A primeira derrota de Temer

Foi um relatório duro. “São várias pessoas envolvidas”, disse o deputado Sérgio Zveiter na Comissão de Constituição e Justiça. “Elas têm que ser ouvidas, e sem o devido processo legal isto não poderá acontecer. Tantos indícios não podem, simplesmente, ser ignorados.” O presidente Michel Temer é acusado de corrupção passiva por ter recebido, por meio do ex-deputado Rodrigo Rocha Loures, R$ 500 mil em suborno de Joesley Batista. É o dinheiro da mala e do deputado nervoso pelas ruas paulistanas. “A acusação é grave e não se apresenta inconsistente, frágil e desprovida de força probatória.” O argumento de Zveiter vai contra o que a defesa de Temer vem sugerindo. Não faz sentido discutir ausência de provas agora — isto se faz durante o julgamento.
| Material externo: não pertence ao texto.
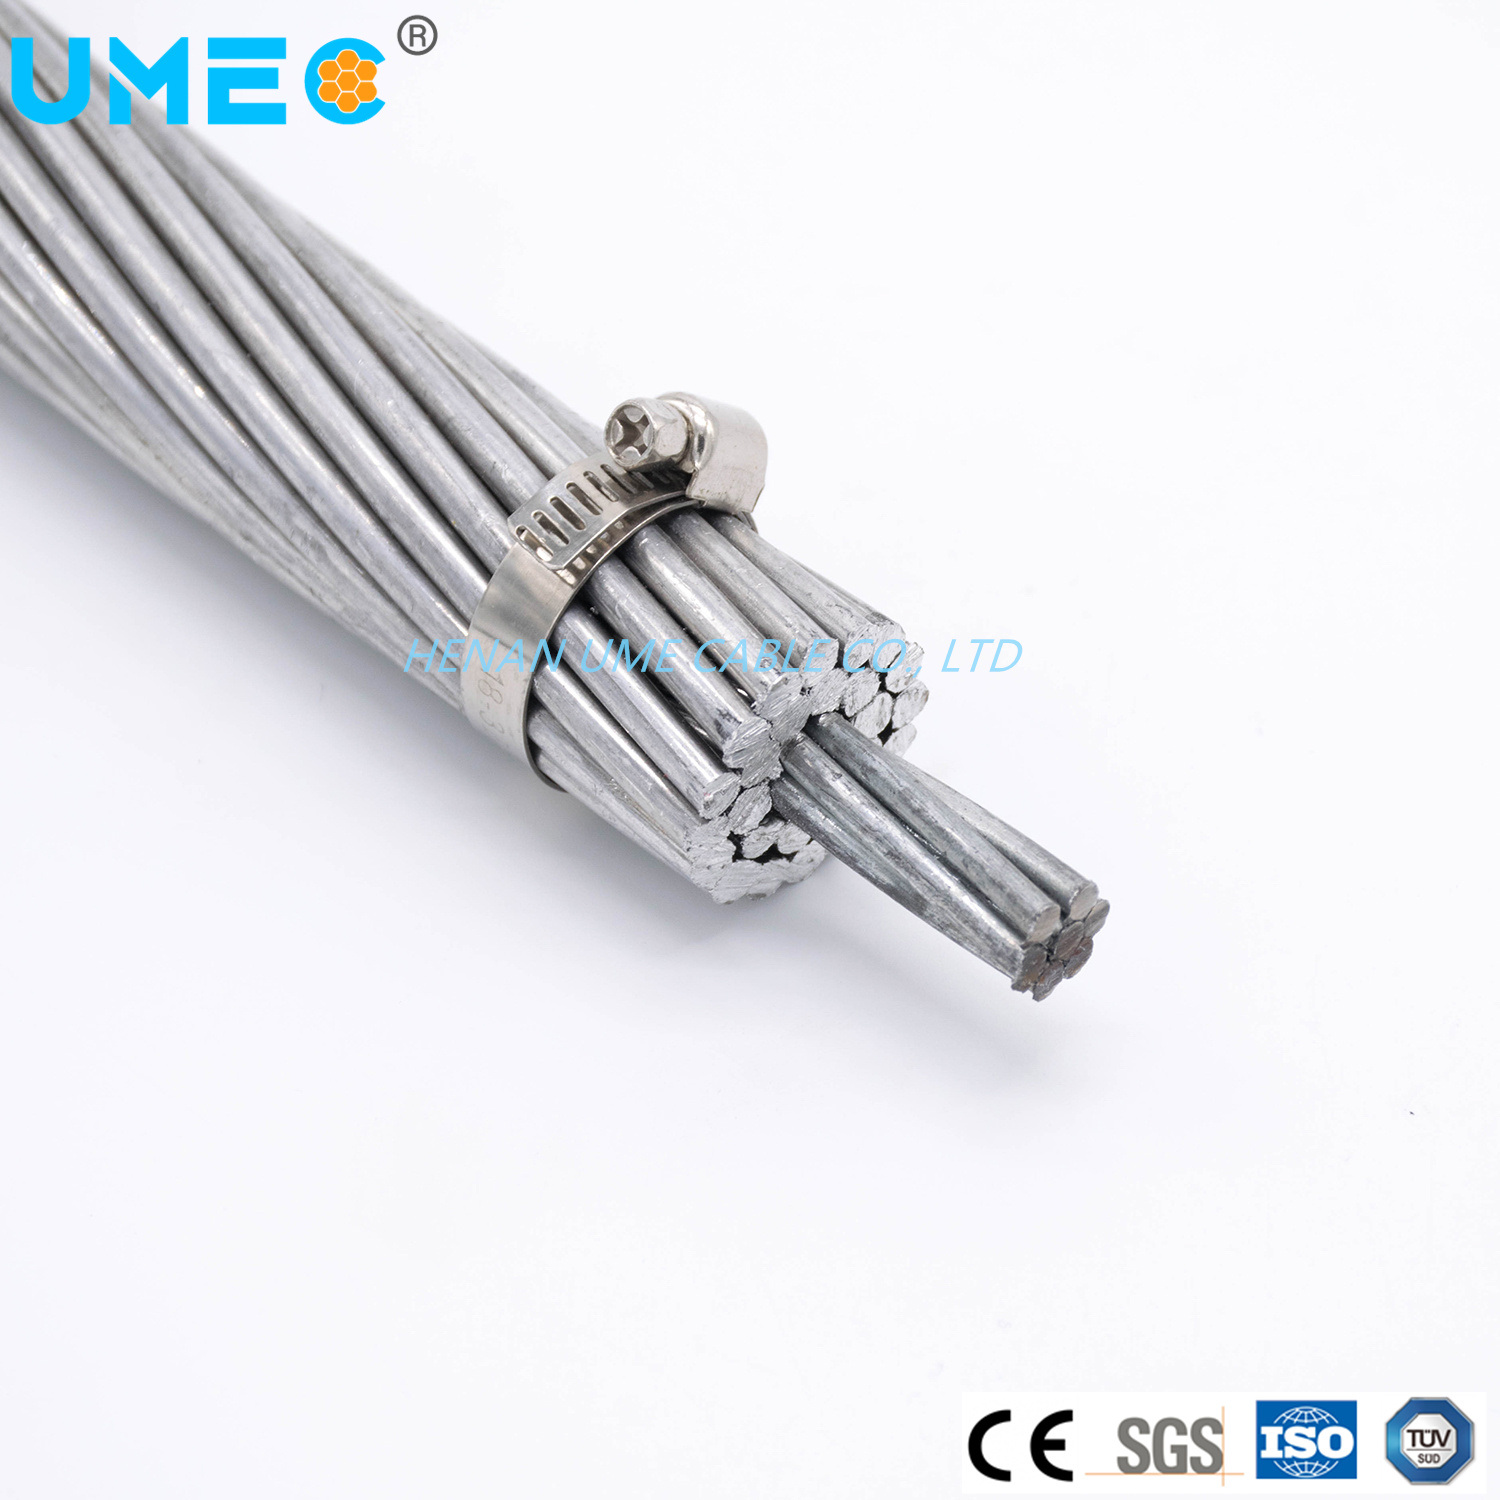 Power Transmission Line Aluminum Conductor Steel Reinforced ACSR/Aw

E não se trata de condenar o presidente, mas de permitir que o devido processo legal avalie se ele deve ser condenado ou não. “O presidente”, continuou Zveiter, “atendeu a Joesley Batista por livre e espontânea vontade, recebeu no exercício do cargo e para tratar de assuntos públicos, não republicanos.” (Leia o voto completo em PDF, 31 páginas.)
Antônio Cláudio Mariz, advogado de Temer, teve de gritar para ser ouvido após Zveiter. “Lanço um repto ao procurador-geral da República”, disse. “De quanto o presidente, quanto? Das mãos de quem?” Afirmava que Temer não recebera nada e que a acusação não é sustentada por qualquer prova. “É mentira, infâmia, indignação.” O Planalto considera que Zveiter exagerou e produziu um relatório excessivamente político. (Globo)
Lívia Gil Guimarães, do Supremo em Pauta: “O parecer favorável ao processamento da denúncia de Temer teve um tom muito mais jurídico do que político. Se por um lado isso é inusitado para um momento tão político, por outro parece fazer sentido no contexto atual.” (Estadão)
À noite, o governo protocolou uma versão alternativa ao voto de Zveiter.
Ao longo da semana, cada um dos 132 membros da CCJ (66 titulares, 66 suplentes) terá direito a falar por 15 minutos. E até 40 outros deputados — vinte a favor, vinte contra — poderão discursar por 10 minutos. Para estes, vale a ordem de inscrição. O Planalto espera concluir esta fase até sexta-feira, mas o presidente da comissão acena com a possibilidade de convocar sessões semana que vem. Enquanto isso, o governo segue operando: ainda ontem, o PR trocou mais quatro deputados na CCJ.
Ainda assim, é o próprio Temer quem está no comando da articulação. Telefona pessoalmente para os deputados. Só um recebeu três telefonemas em um único dia. (Estadão)
Celso Rocha de Barros: “Assistiremos nas próximas semanas a uma disputa pela presidência entre dois marmanjos que não venceriam eleições para presidente do Bangu. Com o impeachment, o PMDB passou a liderar o campo liberal-conservador. Se Maia vencer a disputa em curso, o equilíbrio anterior, em que essa turma era liderada pela aliança PSDB/DEM, começaria a ser restaurado (talvez como DEM/PSDB). Em especial, se o PMDB trair Temer, seus parlamentares reafirmarão a vocação do partido de ser o aliado de todos os governos, sem nunca ocupar a presidência. Você sorriu imaginando o PMDB traindo Temer, eu vi daqui.” (Folha)
A campanha 342 Agora está na praça em busca de 342 votos de deputados federais para aceitar a denúncia contra Michel Temer. O site oficial lista quais parlamentares são contra (129, hoje), quais a favor (184) e os indecisos (200). E oferece ferramentas fáceis para entrar em contato com parlamentares e pressioná-los.